2.11. Statistical Analysis
Data are presented as mean ± standard deviation or standard error of the mean (indicated in figure legends) and were analyzed using Prism version 9.1.2 for Windows (GraphPad Software, Boston, MA, USA). Statistical significance was determined using either one- or two-way analysis of variance (ANOVA) with Dunnett’s test for multiple comparisons (indicated in figure legends). A p-value lower than 0.05 was considered statistically significant.
3. Results
3.1. Formation of Mature Human Airway Tissue from Research Bronchoscopy-Derived Donor Cells
Human tissues differentiated and maintained in PREDICT96-ALI were either derived from freshly harvested human epithelial cells from living research bronchoscopies, as previously reported [27], or purchased commercially. The airway tissues used in the current SARS-CoV-2 infection studies resembled previously reported [27] pseudostratified, 30–50 µm thick tissues matured over 4 weeks in the PREDICT96-ALI platform. In situ immunofluorescence (IF) staining of representative donor DH02 confirmed the relative populations of basal cells (CK5), goblet cells (Muc5AC) and ciliated cells (acetylated-tubulin) within the mature tissues demonstrating the cellular and functional heterogeneity of the human airway epithelium (Figure 2A). The tissues exhibited an expected proliferative basal cell layer immediately adjacent to the semi-permeable membrane of each tissue device, with the robust expression of mucin proteins indicating the presence of functional goblet cells throughout the tissue, and abundant distinct ciliary islands (associated with ciliated columnar epithelial cells) across the apical surface of the tissue, with relative quantities of each cell type matching prior reports [34,35,36,37]. Similarly, tissue function was monitored and club cell presence was determined by measuring club cell secretory protein, CCSP, and secretion into the media in the basal chamber of each device via Luminex from representative donor DH01 at 4 weeks of ALI (Figure 2B) [38]. These data demonstrate that primary human airway basal cells can be successfully implemented and matured in the PREDICT96-ALI platform to form tissue with composition, architecture and function representative of key features of the in vivo human airway.

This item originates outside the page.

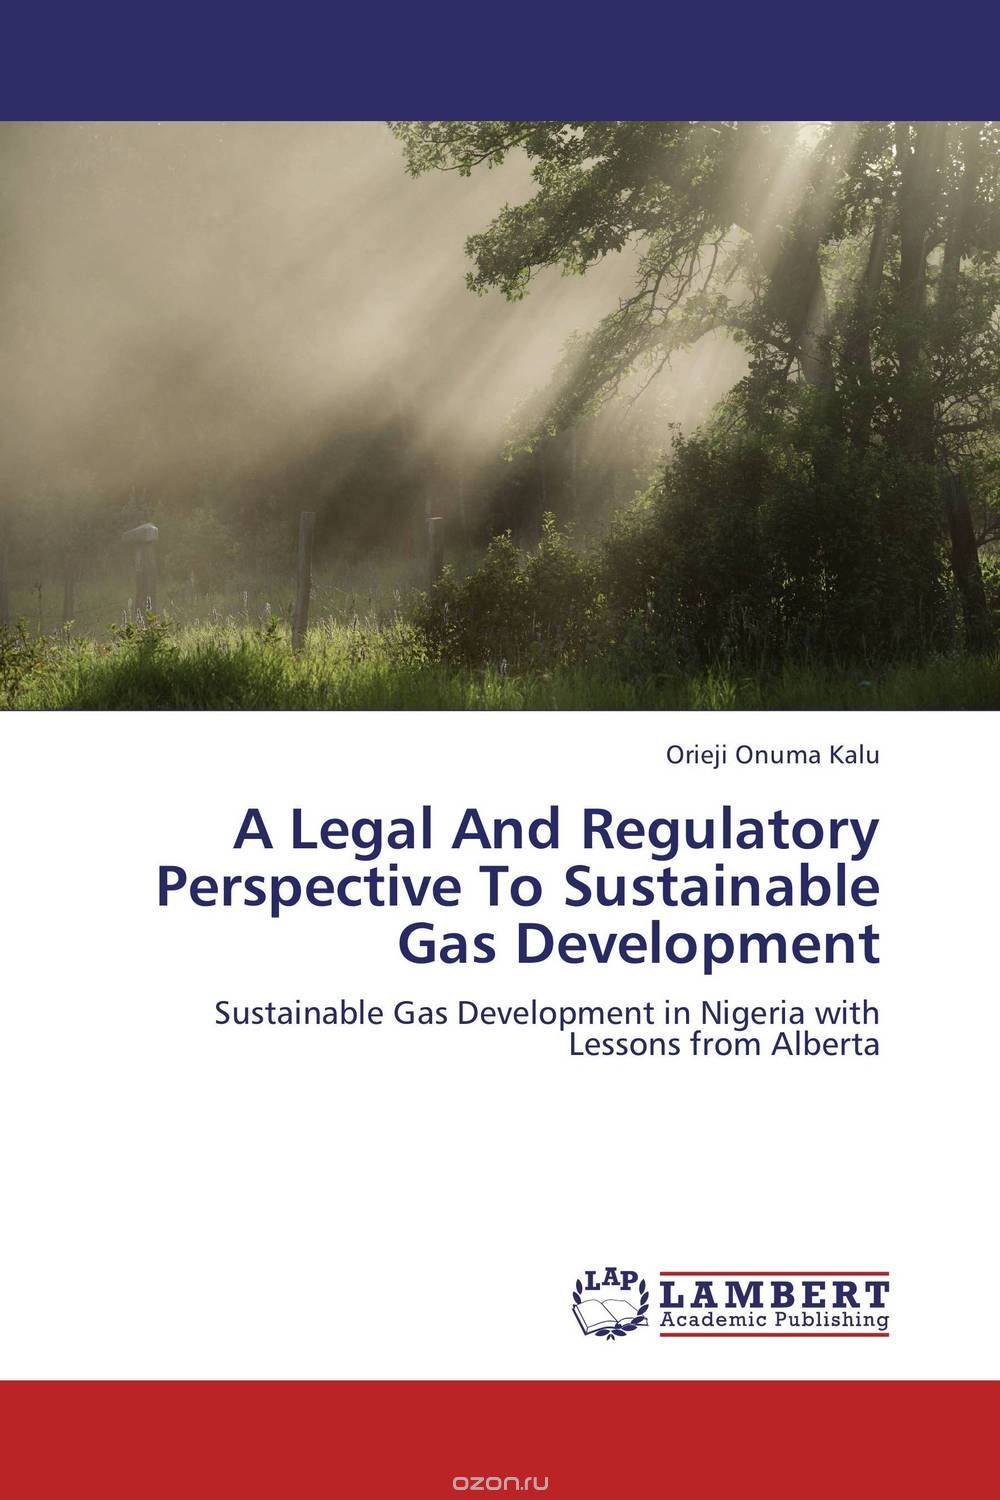 A Legal And Regulatory Perspective To Sustainable Gas Development

To confirm tissue maturation, key gene transcripts associated with differentiated airways were measured in both undifferentiated and mature tissues from two representative donors (DH01 and 04401) and normalized to GAPDH: Muc5AC (goblet cells), SCGB1A1 (club cells), FoxJ1 (ciliated cells) and TP63 (basal cells) (Figure 2C). TP63 expression is notably reduced for differentiated tissue relative to undifferentiated tissue, an expected result as the mature human airway is composed of a variety of differentiated epithelial cell types and only a small percentage of self-renewing basal progenitor cells [36,39]. Expression levels of SARS-CoV-2 viral receptors were also established in mature uninfected tissues from the same donors: angiotensin-converting enzyme 2 (ACE2) and transmembrane protease serine 2 (TMPRSS2) (Figure 2C). Finally, we confirmed that donors DH01 and DH02 were negative for SARS-CoV-2 transcripts prior to in vitro infection: neither had measurable levels of SARS-CoV-2 N1 or N2 viral proteins but robust quantities of RNase P transcripts were detected as a control (Figure 2D). The commercially sourced tissue was collected well before SARS-CoV-2 circulation and was therefore not tested. Altogether, the PREDICT96-ALI tissues were in a mature, differentiated state with representative cell surface features required for SARS-CoV-2 infection studies and were negative for SARS-CoV-2 prior to inoculation at 4 weeks of ALI.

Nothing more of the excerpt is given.